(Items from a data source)
━━━
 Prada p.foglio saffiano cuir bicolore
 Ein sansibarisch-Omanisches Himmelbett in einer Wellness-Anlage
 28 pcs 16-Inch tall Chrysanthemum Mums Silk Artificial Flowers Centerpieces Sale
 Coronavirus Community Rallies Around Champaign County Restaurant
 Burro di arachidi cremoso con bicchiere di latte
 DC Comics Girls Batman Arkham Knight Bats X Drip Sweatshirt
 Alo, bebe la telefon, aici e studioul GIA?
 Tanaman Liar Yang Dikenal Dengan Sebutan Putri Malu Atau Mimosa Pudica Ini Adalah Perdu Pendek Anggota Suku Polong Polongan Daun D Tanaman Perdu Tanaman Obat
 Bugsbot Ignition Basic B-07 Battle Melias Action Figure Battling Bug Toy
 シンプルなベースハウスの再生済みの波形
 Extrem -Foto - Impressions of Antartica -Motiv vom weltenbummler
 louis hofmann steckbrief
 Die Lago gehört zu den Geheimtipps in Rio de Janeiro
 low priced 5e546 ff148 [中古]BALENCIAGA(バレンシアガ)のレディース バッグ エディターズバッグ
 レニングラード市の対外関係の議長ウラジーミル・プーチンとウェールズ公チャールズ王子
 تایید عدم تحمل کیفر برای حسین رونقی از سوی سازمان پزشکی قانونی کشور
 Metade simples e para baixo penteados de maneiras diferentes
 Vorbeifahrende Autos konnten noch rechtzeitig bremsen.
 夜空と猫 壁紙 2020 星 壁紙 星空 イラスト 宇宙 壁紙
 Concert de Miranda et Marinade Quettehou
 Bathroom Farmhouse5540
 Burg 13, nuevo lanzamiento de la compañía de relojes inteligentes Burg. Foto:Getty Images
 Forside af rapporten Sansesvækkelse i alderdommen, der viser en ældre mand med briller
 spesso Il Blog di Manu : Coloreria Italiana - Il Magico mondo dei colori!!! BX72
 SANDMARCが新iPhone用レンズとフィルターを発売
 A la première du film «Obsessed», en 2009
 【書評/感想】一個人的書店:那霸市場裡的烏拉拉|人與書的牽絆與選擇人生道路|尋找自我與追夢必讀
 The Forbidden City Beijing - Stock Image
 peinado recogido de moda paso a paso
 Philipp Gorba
━━━
• [YOUR ASSIGNMENT]: Please transcribe exactly the lines above from the line that has "シンプルなベースハウスの再生済みの波形" up to and including the line that has "レニングラード市の対外関係の"; no other line belongs in the answer.

• [COMPLETED TASK]:
 シンプルなベースハウスの再生済みの波形
 Extrem -Foto - Impressions of Antartica -Motiv vom weltenbummler
 louis hofmann steckbrief
 Die Lago gehört zu den Geheimtipps in Rio de Janeiro
 low priced 5e546 ff148 [中古]BALENCIAGA(バレンシアガ)のレディース バッグ エディターズバッグ
 レニングラード市の対外関係の議長ウラジーミル・プーチンとウェールズ公チャールズ王子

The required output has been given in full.